Questions about Metric system

Short answers, pulled from the story.

When was the metre first defined by the French commission?

The metre was first defined in 1791 when a commission of French scientists declared that the distance from the North Pole to the Equator measured through Paris would be exactly ten million times the length of the new unit. This decision transformed the planet into the ultimate measuring stick and replaced centuries of arbitrary local standards with a universal constant carved into the Earth's geometry.

What happened to the International Prototype of the Kilogram on the 20th of May 2019?

On the 20th of May 2019 the General Conference on Weights and Measures voted to redefine the kilogram not by a physical object but by the Planck constant. This historic move ended the era where the standard of mass was a physical artifact kept in a vault in Sèvres France and replaced it with a definition embedded in the fabric of the universe.

Why did the Mars Climate Orbiter crash in 1999?
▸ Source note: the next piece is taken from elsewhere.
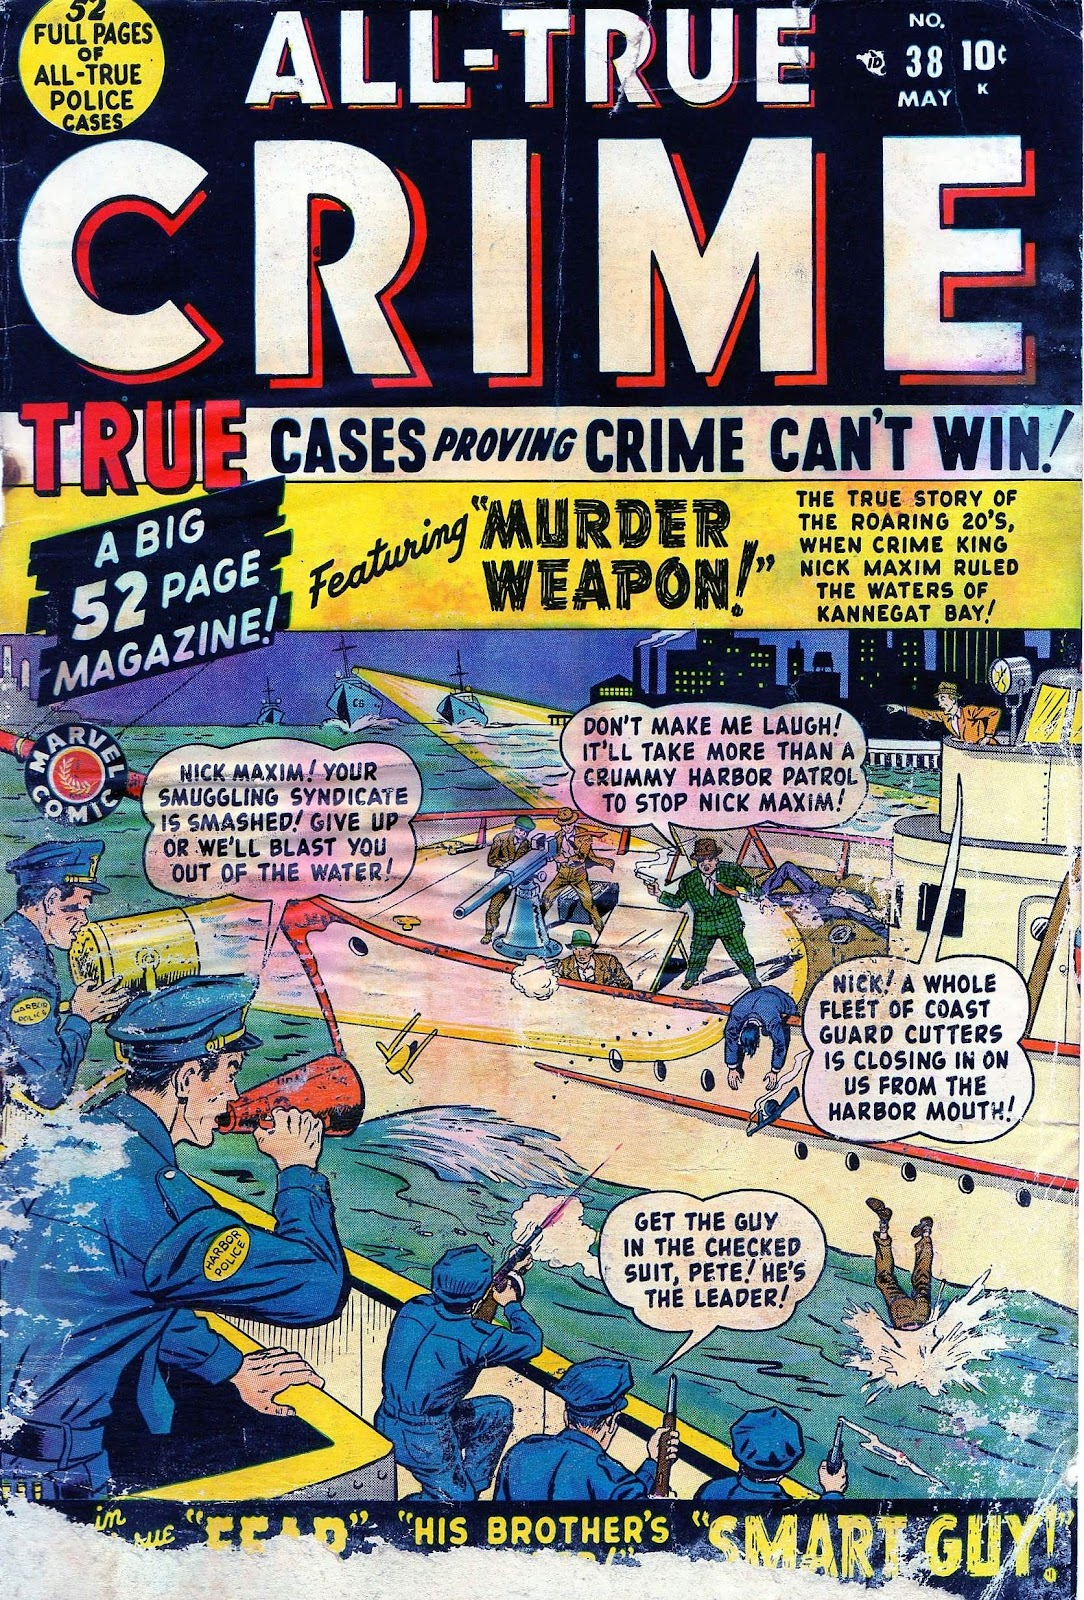 All-True Crime 38 Page 1

The Mars Climate Orbiter crashed in 1999 due to a unit conversion error between metric and imperial systems. This costly error occurred because American engineers had to navigate two parallel systems where the United States continued to use a hybrid system that combines metric units in science and industry with customary units in daily life.

Who proposed adding an electrical unit to resolve anomalies in electromagnetic systems in 1901?

In 1901 the Italian physicist Giovanni Giorgi proposed adding an electrical unit as a fourth base unit to resolve the anomalies in electromagnetic systems. Giorgi's insight led to the creation of the metre-kilogram-second-ampere system which became the direct forerunner of the modern International System of Units.

How is the metre originally defined in relation to the Earth?

The metre was originally defined as one ten-millionth of the distance from the North Pole to the Equator measured through Paris. This definition was slightly shorter than the theoretical ten-millionth part because the scientists had to make compromises measuring the distance through Paris rather than the full meridian.